Эльфрида Елинек - Облака. Дом. Страница 5
- Категория: Поэзия, Драматургия / Драматургия
- Автор: Эльфрида Елинек
- Год выпуска: -
- ISBN: -
- Издательство: -
- Страниц: 12
- Добавлено: 2019-05-23 16:01:11
Эльфрида Елинек - Облака. Дом. краткое содержание
Прочтите описание перед тем, как прочитать онлайн книгу «Эльфрида Елинек - Облака. Дом.» бесплатно полную версию:Из сборника трёх пьес Э.Елинек, лауреата Нобелевской премии по литературе 2004 года, — «Посох, палка и палач». Стилистика настоящей пьесы — эстетско-философская. Автор эпатирует читателя смесью грубых и изысканных приемов, заставляет содрогаться и задумываться о природе человека — причудливой смеси животных инстинктов и высоких помыслов.На страницах пьесы Елинек, в двадцати трех сценах (отделенных одна от другой пропуском строки), рассказана история развития самосознания немецкого народа с начала XIX до конца XX века. Рассказана так, будто она увидена глазами Фридриха Гёльдерлина, «самого немецкого из немецких поэтов».Пьеса снабжена предисловием и обширными комментариями переводчика Т.А.Баскаковой.
Эльфрида Елинек - Облака.
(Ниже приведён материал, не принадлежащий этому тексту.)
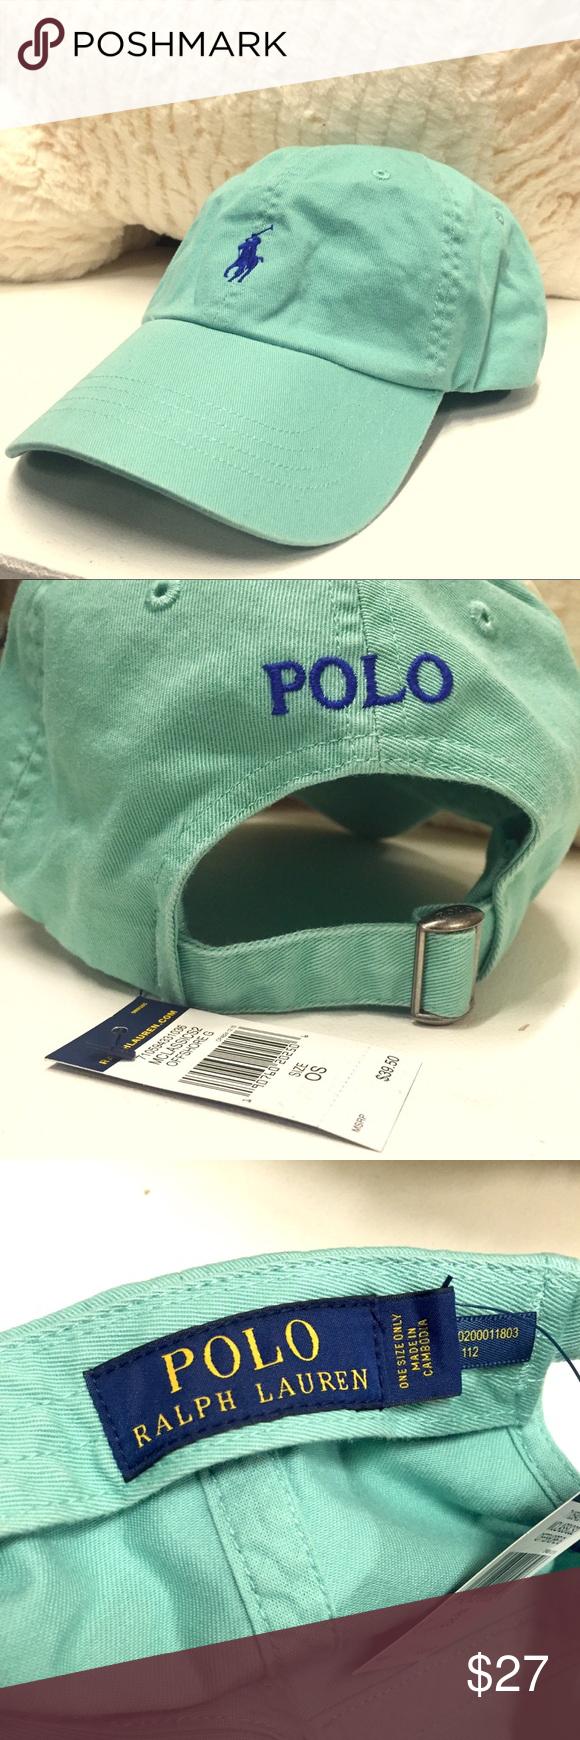 36a1f9dfb6c Green Polo Ralph Lauren Baseball Cap (UNISEX) Gorgeous mint green! Fits men  and women since it has an adjustable strap. 6-panel hat.

Дом. читать онлайн бесплатно
О родина, они пожинают плоды{15} твоей мысли и духа. Охотно рвут виноград, над самой же тобой глумятся, простая лоза! Ты — та страна, где мы дома! Мы, скованные под землей, — постамент для статуи победителю. Страна любви! Тебе принадлежа, мы часто гневаемся иль страдаем, затем что красоту души своей от посторонних неразумно ты скрываешь. Как часто мы стояли на горе, на светлой, над просторными садами, над милой зеленью: смотрели на тебя. По твоим рекам плыли мы на лодках, тобою жили мы — и были дома. А соловей на шаткой иве робко пел… Мы, что внизу, — речь наша глубока, ведь мы вещаем языком глубин. Как руды, поднятые на поверхность, мы вдруг увидели себя на троне: на горе. И вот — обозреваем сверху поле, где мы, истории посев кровавый, были рассеяны, чтобы родиться снова.
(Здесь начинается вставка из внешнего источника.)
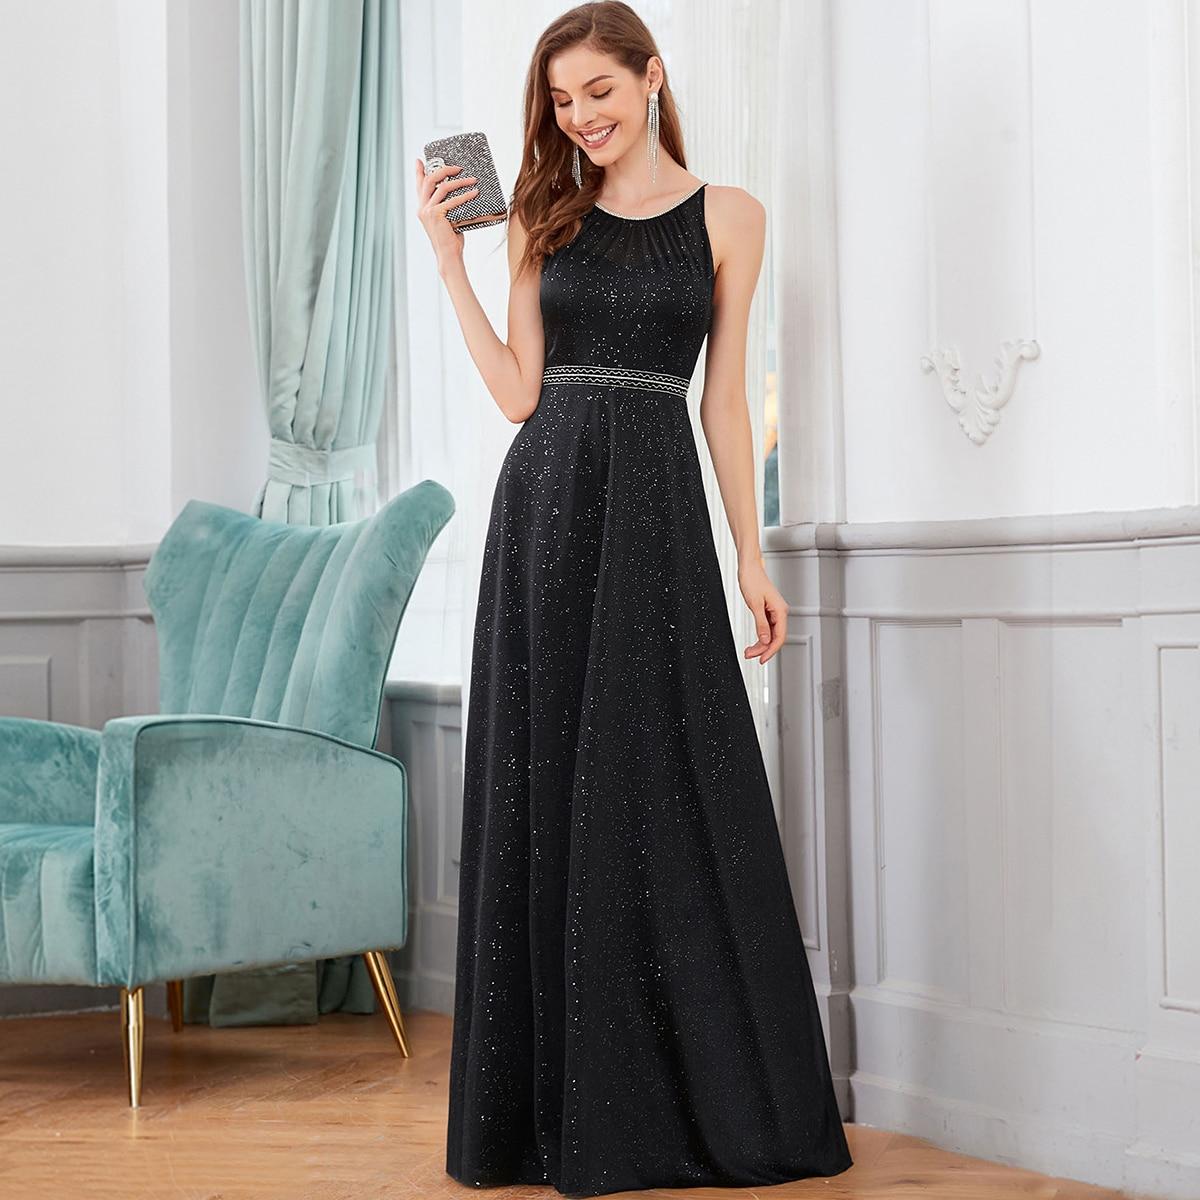 Rhinestone Detail Glitter Cami Prom Dress

Воля к существованию{16} немецкого университета есть воля к науке как воля к осуществлению исторической духовной миссии немецкого народа как народа, осознающего себя в своем государстве. Наука и немецкая судьба должны прежде всего стать глубинной волей к власти. И они станут ею тогда и только тогда, когда, с одной стороны, мы подчиним науку ее настоятельнейшей, внутренне ей присущей необходимости, а с другой — когда сами в годину крайнего бедствия докажем, что достойны немецкой судьбы. И пусть Платона благородный сад уж не цветет на берегу реки старинной, пусть бедняки распахивают прах героев и птица ночи на развалинах скорбит. Священный лес, мы дома — у тебя. А сами мы? Неужто хоть один из нашей молодежи предаст огласке то, что в сердце у него?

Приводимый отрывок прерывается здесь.